Thursday, 14 January 2016: 11:00 AM
La Nouvelle C ( New Orleans Ernest N. Morial Convention Center)
Gilbert P. Compo, CIRES, Univ. of Colorado and Physical Sciences Division/ESRL/NOAA, Boulder, CO; and S. Moorthi, S. Lu, C. S. Long, H. T. Lee, J. P. McCormack, P. D. Sardeshmukh, and J. S. Whitaker

A complete treatment of ozone (O3) photochemistry is too computationally intensive for current models. Therefore, a parameterization is included in the current NCEP Global Forecast System (GFS) atmosphere/land model used in the 20th Century Reanalysis and operational forecasts, and also used in the coupled Climate Forecast System (CFS) Reanalysis and operational CFSv2. The GFS parameterization for the time tendency of O3 is based on parts of Naval Research Laboratory's CHEM2D Ozone Photochemistry Parameterization (CHEM2D-OPP). It includes terms representing net production and loss and a dependency on the ozone mixing ratio itself. It is based on gas-phase chemistry of the late-20th century, which includes the depletion of ozone by chlorofluorocarbons (CFCs). For climate reanalyses and climate modeling extending back to the early 20th century or earlier, before large quantities of CFCs began to be released into the atmosphere, a new version of this parameterization is needed to represent pre-CFC stratospheric O3 chemistry. To understand, analyze, and predict atmospheric variability in the 21st century, the parameterization should utilize additional interactions included in CHEM2D-OPP that affect stratospheric O3. Stratospheric water vapor is also an important radiative constituent. Its representation in the GFS will also be improved, paving the way for improved assimilation of satellite radiances and for interactive chemistry.

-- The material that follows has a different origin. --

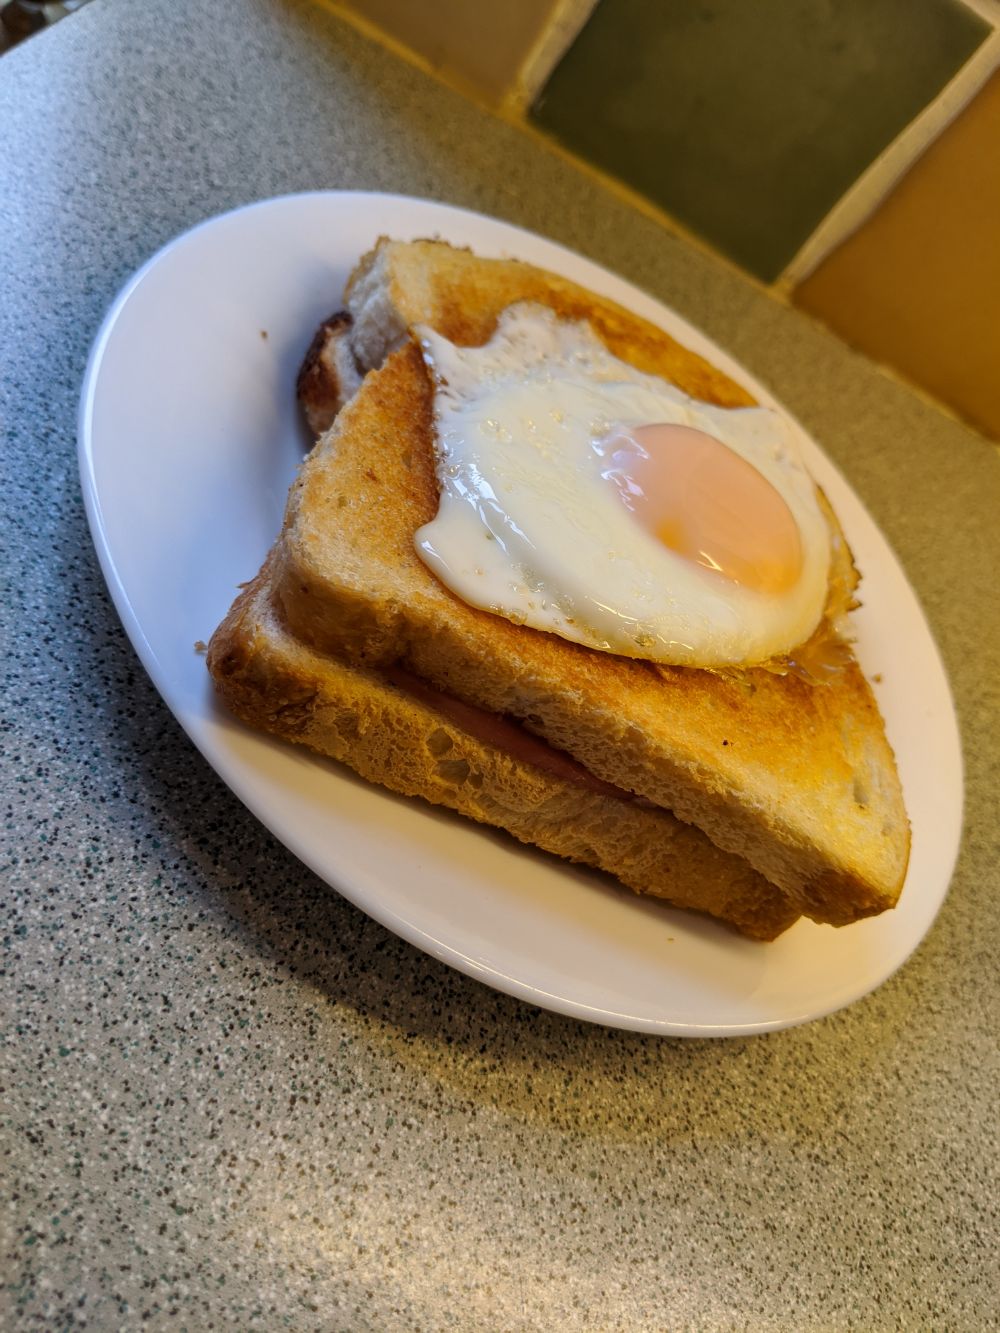 A yummy ham, tomato and cheese toasted sandwich topped with a fried egg
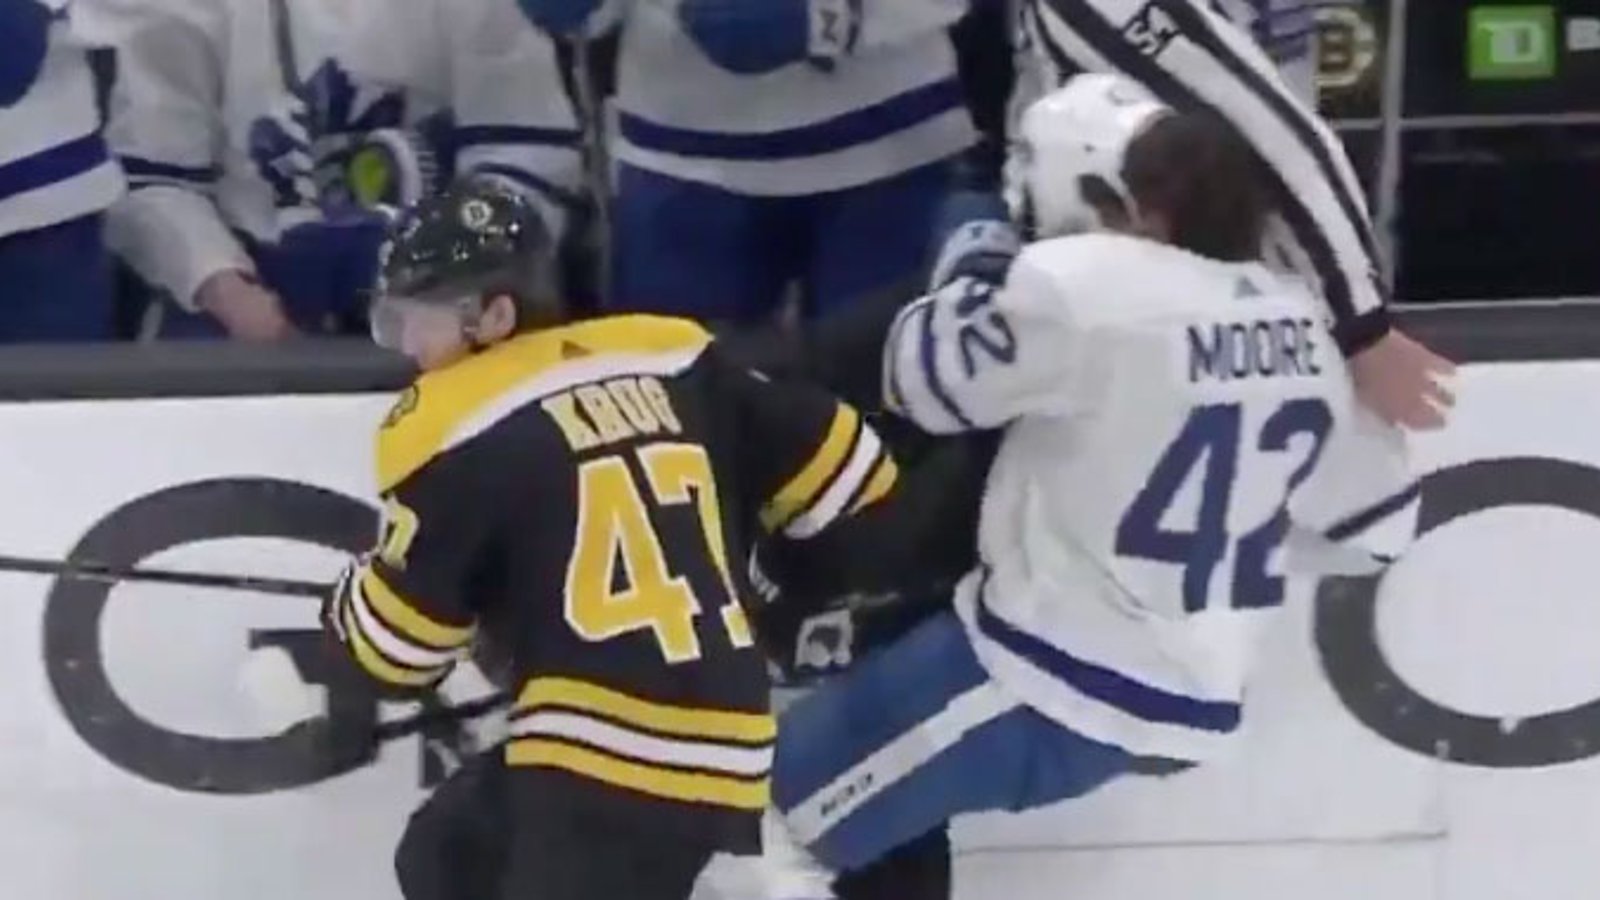 Krug takes out Moore and a referee at the same time!

In this presentation, the progress towards implementing a more advanced O3 parameterization using the full CHEM2D-OPP and an improved treatment of stratospheric water vapor implemented in new versions of the GFS, CFS, and next generation NOAA climate reanalysis systems will be discussed. The O3 parameterization will include the effect of changes in temperature, changes in the vertical distribution of O3, and the time-variation of CFCs. As a first step, results will be described testing the parameterization with two modes, one for times before CFCs and one for times after CFCs began to be released in large quantities. The team will also implement a new stratospheric H2O climatology as a necessary first step toward future implementation of parameterized H2O photochemistry. The upgraded parameterization and new climatology will be tested in climate reanalyses and weather and climate simulations. The impact of the new O3 and water vapor treatments on reanalysis, GFS medium-range forecast skill, and CFS climate simulations will be evaluated using comparisons with both historical and modern O3 and temperature observations throughout the troposphere and stratosphere as well as with UV radiation observations.